When and why do states reframe issues as security problems? Which states advocate for these shifts? While securitization theory predicts that states that are existentially
threatened by a problem are most likely to attempt to securitize it, I argue that accounting for the dynamics of institutional agendas can better explain this phenomenon. States
that stand to gain agenda control as a result of securitization are likely to use the language of existential threat in their speech, while those that are materially interested in the issue are less likely to do so. I test this theory in the case of the climate change in the UN, leveraging data on speeches in the General Assembly. I provide the first quantitative test of the securitization of climate politics, finding that P5 states securitize to expand their agenda control, while Small Island Developing States do not securitize, contra previous expectations. I further find that the overall climate discourse cannot be characterized as securitized. These findings imply that the Security Council is unlikely to be significantly involved in climate change policy, and also demonstrate the importance of rhetoric for political outcomes and for the distribution of state power within international organizations.
“Legal Precision and Legislative Networks in the UNGA and UNSC” (with Robert Shaffer)
How and why do bodies of law develop in international organizations (IOs)? Do the United Nations Security Council (UNSC) and United Nations General Assembly (UNGA) address issues on an ad hoc basis or “legalize” issues by establishing a precise, stable, and durable body of law? Does this process vary over time and by issue? To address these questions, we begin by developing a theory of legal precision in IOs. We identify two subcomponents of precision — consistency and precedent — and argue that states employ legal precision at least partly to provide political cover for controversial decisions. We then describe a machine learning-based approach designed to measure consistency and precedent, which we apply to a novel dataset of all UN resolutions passed from 1946-2018. We find that the UNGA and UNSC have developed distinct bodies of law over time, and that resolutions on more controversial topics–particularly security matters–are more precise.
Voting Against Cooperation: Congressional Opposition to the League of Nations (with Julia Gray)
What determines Congressional support for international cooperation, and how do partisan positions evolve? The Senate record on WWI-era proposals for international organizations provides a particularly interesting case. Public support for the League of Nations was extremely high, and the proposal initially bore the fingerprint of both parties as well as considerable US influence in its design. Despite initial bipartisan support, over a series of votes, the Senate voted these proposals down, and position-switching from both parties was common. We use original data capturing state-level interests — including civil society activities from the League to Enforce Peace, a central advocacy group — to test hypotheses on whether senators’ changing positions reflected constituent pressure, compared with hypotheses about party unity or increasing Congressional power. Better understanding the historical relationship between ideology, constituency preferences, and support for international cooperation could shed light on contemporary challenges to the international order.
National Security and Climate Change Attitudes (with Michael Weisberg)
Previous studies have tested different means of communicating information on climate change to shift attitudes, including framing the issue in moral or economic terms, as well as credibility effects of scientific sources.
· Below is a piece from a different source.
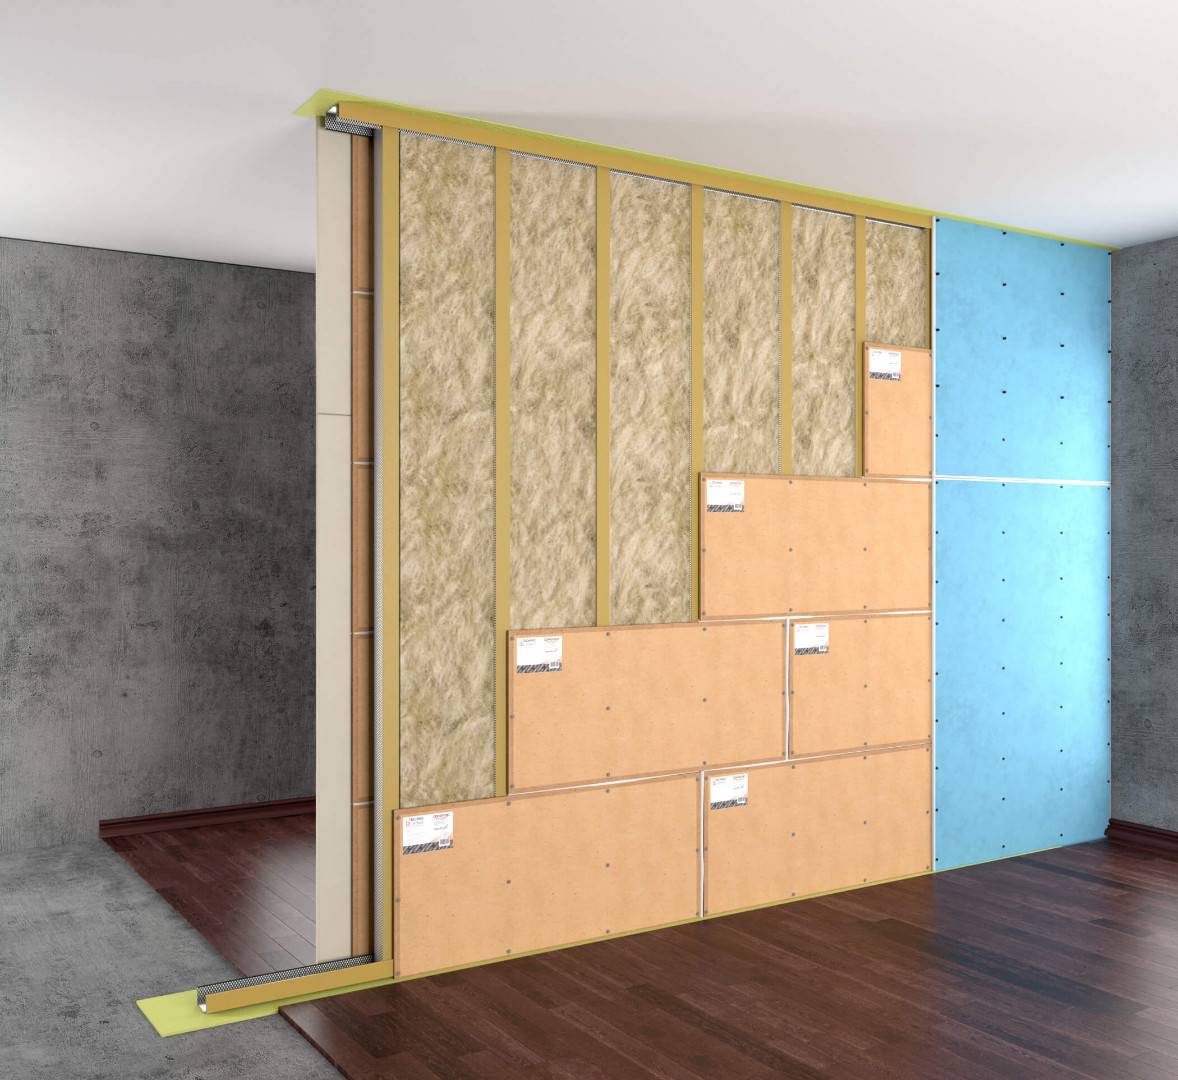 Шумоизоляция стен в квартиире: современные материалы
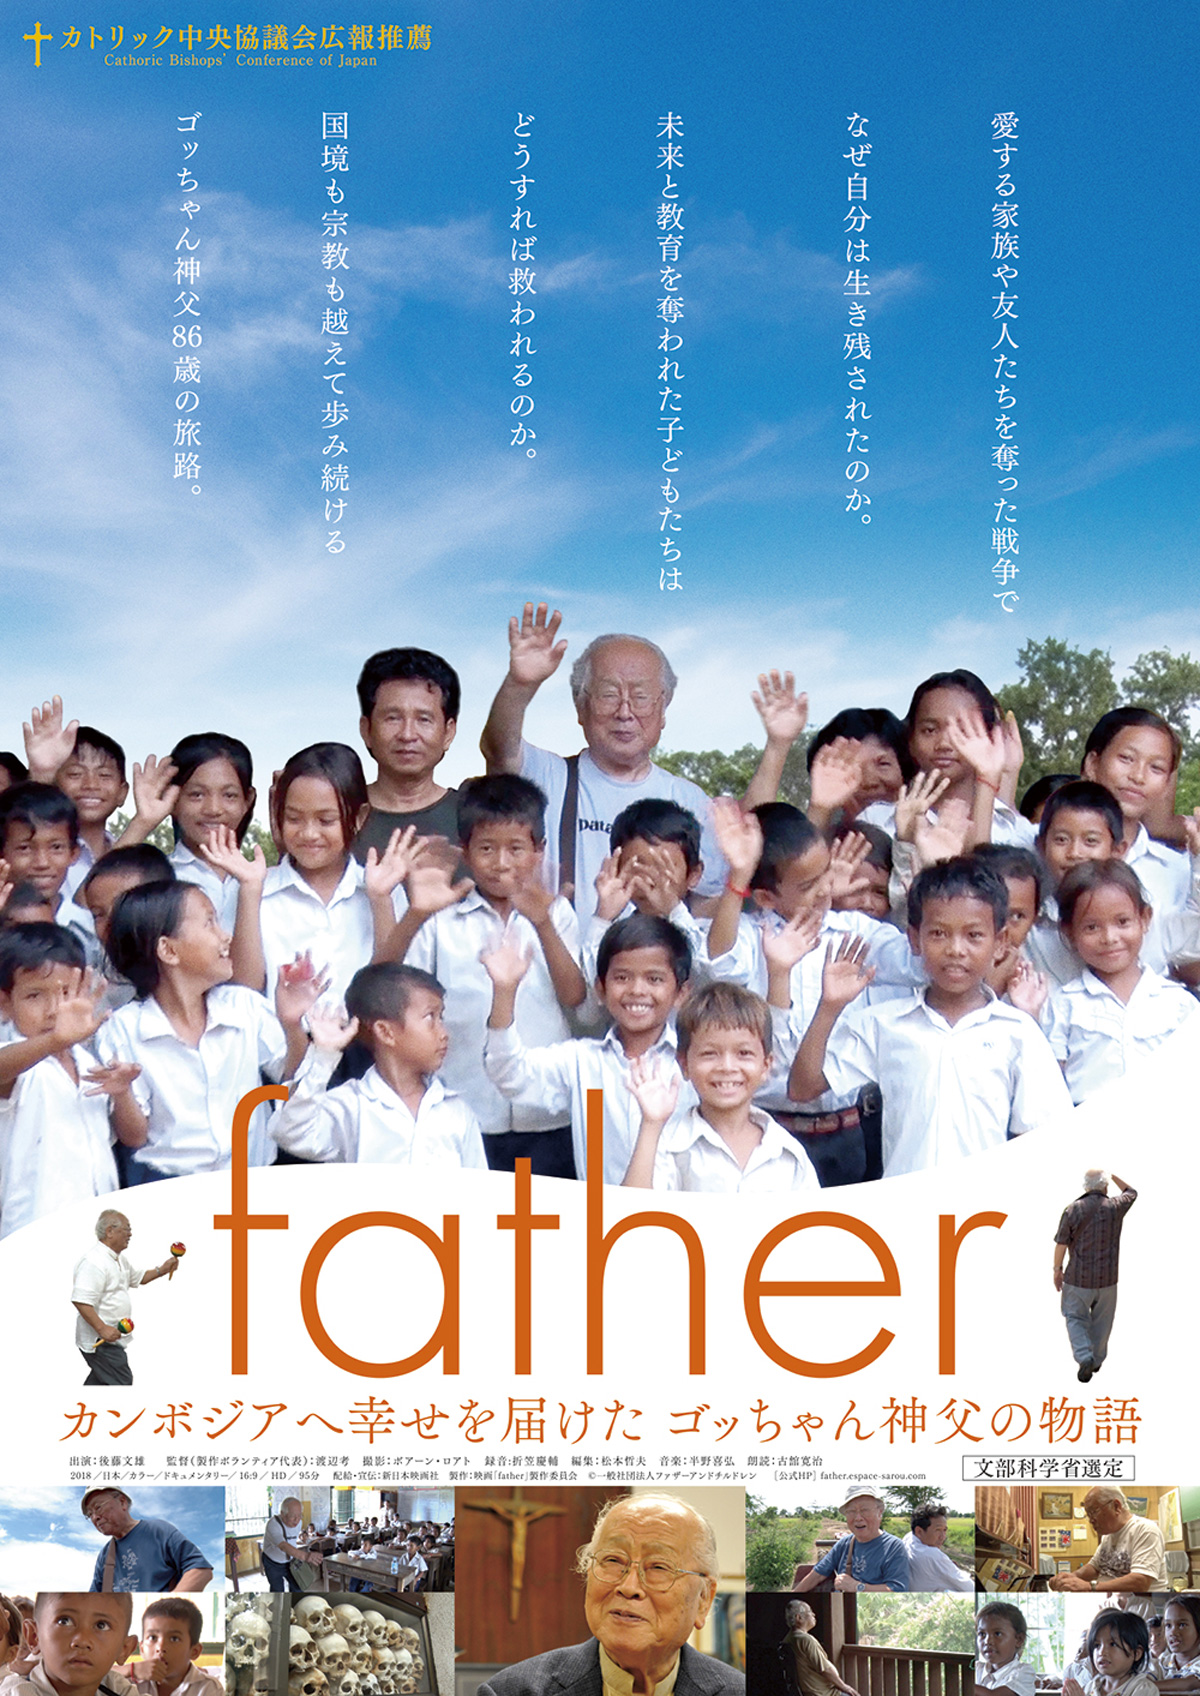 father　カンボジアへ幸せを届けた ゴッちゃん神父の物語の画像

These strategies have generally been ineffective at moving attitudes on climate change, and in some instances have even resulted in decreasing support.
Noting the key demographic groups to target with climate communication, this project proposes a novel test of framing and source effects. We hypothesize (1) that discussing climate change as a national security issue is likely to increase public support for climate change policies through framing effects; (2) that information on climate change delivered by national security establishment leaders is likely to increase public support for climate change policies through source effects; and (3) that these effects are likely to be most pronounced among conservative and Republican demographics.